Developing content for a TV generation 

Carol Dwyer is a live wire, she’s a ‘mature’ lecturer at False Bay College who has embraced technology in order to develop blended learning experiences that are entertaining, appropriate, and relevant to the topic as well as contextualized for the local student. Her inputs help us understand how to develop content for a TV generation. 

Carol Dwyer started as a Life Orientation lecturer in the TVET sector. Over the past 10 years, she has transformed blended learning from a senior management strategy to an operational reality. As E-learning Manager she has implemented and promoted the use of a sophisticated Learning Management System (LMS) which all students have access to either off campus or in the well-established and fully functional open learning centers at their campuses. 

Speaking at Eiffel Corp’s 20th celebration in Cape Town recently, Dwyer challenged educators to transform their academic teaching material into content that’s engaging, entertaining, relevant, contextualized and in manageable bite size chunks. 

“Don’t let anyone tell you it requires a lot of money – it takes a mind shift, creativity and time,” she said. 

“We’re teaching a TV generation, which means teaching material must include visual imagery, graphics, videos and cater for students you tend to have a short attention span. 

“I based the blended learning system at False Bay College on two specific Learning Theories that seem to embody the way 21st Century Learners learn, namely Constructivism and Connectivism. In Constructivism the students construct knowledge or build knowledge from the information provided and their current world view. As, the educator, I assist this construction by providing scaffolding – it is like building Lego, you construct the next piece of information by building on top of what you already have – as each new piece is added and built on the student ends up constructing a full view. 

“In Connectivism, learning is in the network.  You’ll find someone who will tell you what you need to know when you need to know it, usually via Google. My job is to facilitate the student’s use of the information, not the content. Information is disposable, and it’s picked up again when needed,” she added.  

The network can be digital such as the internet, but it can also be personal as in asking an expert in a particular field to explain a piece of content, concept or demonstrating a skill. 

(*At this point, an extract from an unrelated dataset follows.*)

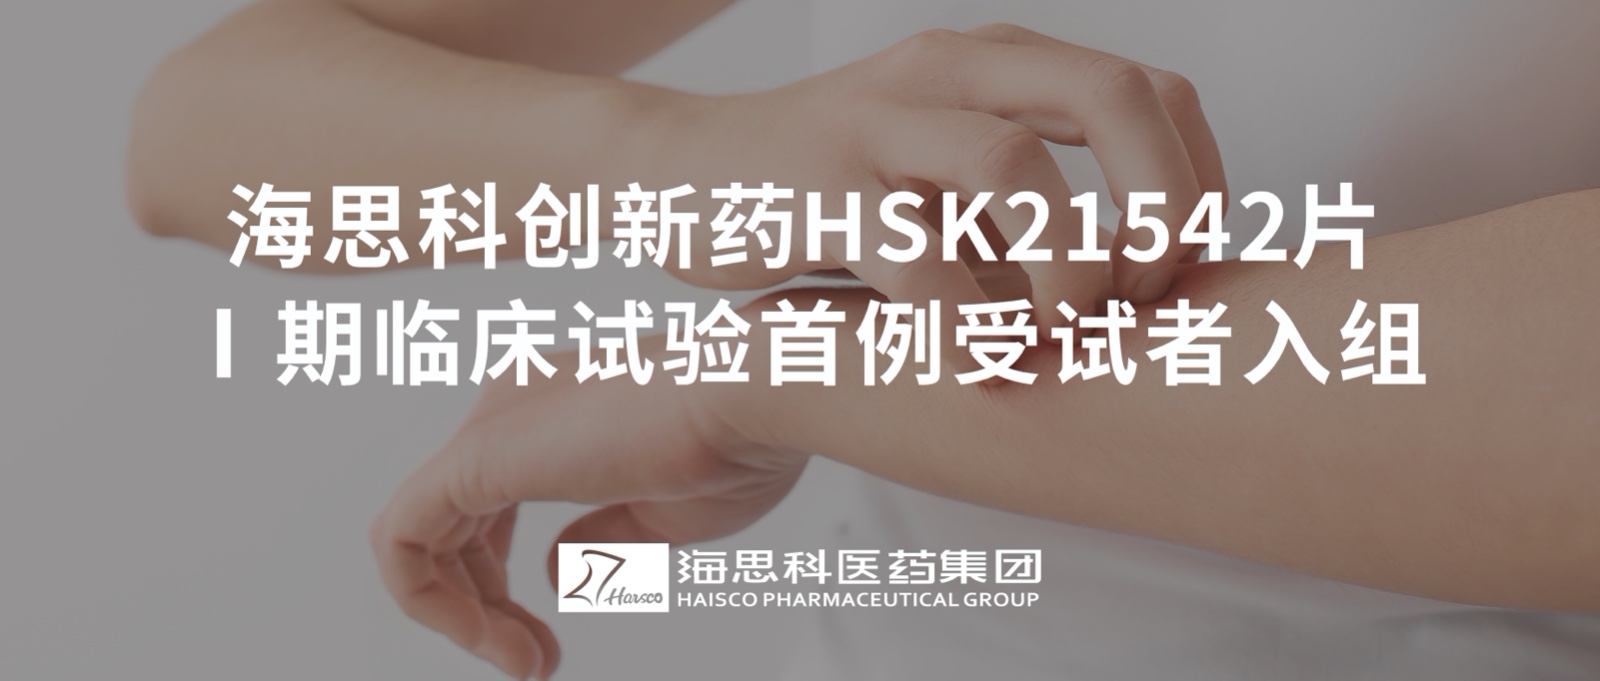 亚洲bet356官网创新药HSK21542片Ⅰ期临床试验首例受试者入组
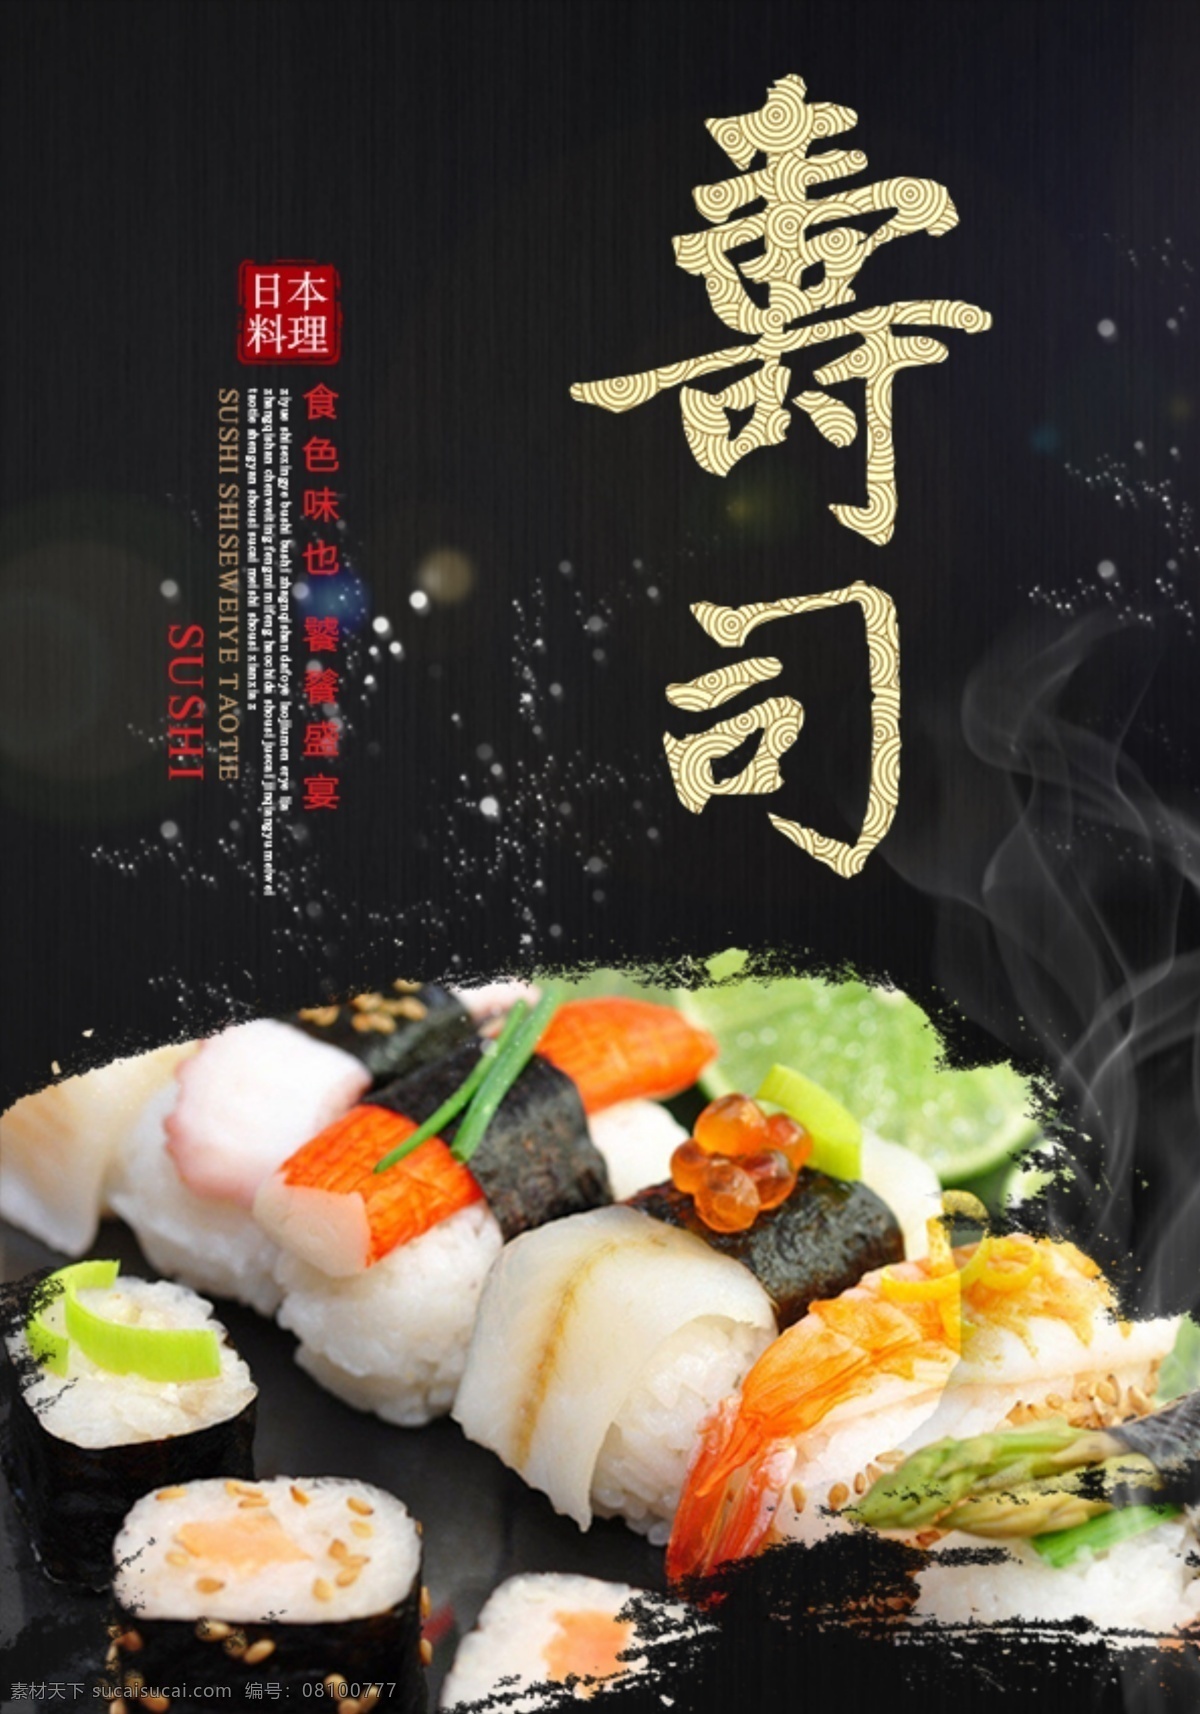 日式 寿司 料理 食 材 海报 展板 食材

Lessons learned when creating blended learning: 

  • Presenting content in bite size chunks – we call this conceptual teaching – teaching a concept one at a time rather than just a lot of content 
  • Learner centered – self-paced, with continual testing loops and feedback 
  • Short lecture capture – for short attention spans 
  • Screen capture – using Camstudio – it is free and great for teaching functions on a computer 
  • Peer education – discussions, forums, self-made videos 

“I believe technology is a tool, not a learning outcome. Technology is a tool that you use to leverage the teaching – it is not the teaching and will never replace the teacher.” 

 

*This month we celebrate Women’s Day. On 9 August 1956 women in South Africa gathered to protest an unfair pass law. The success of this march was the unity amongst a diverse group of women from all over South Africa, coming together to have their voices heard. Forming a cornerstone in our South African society and a moral voice for our country. We would like to honour women who have an impact on the South African Education system.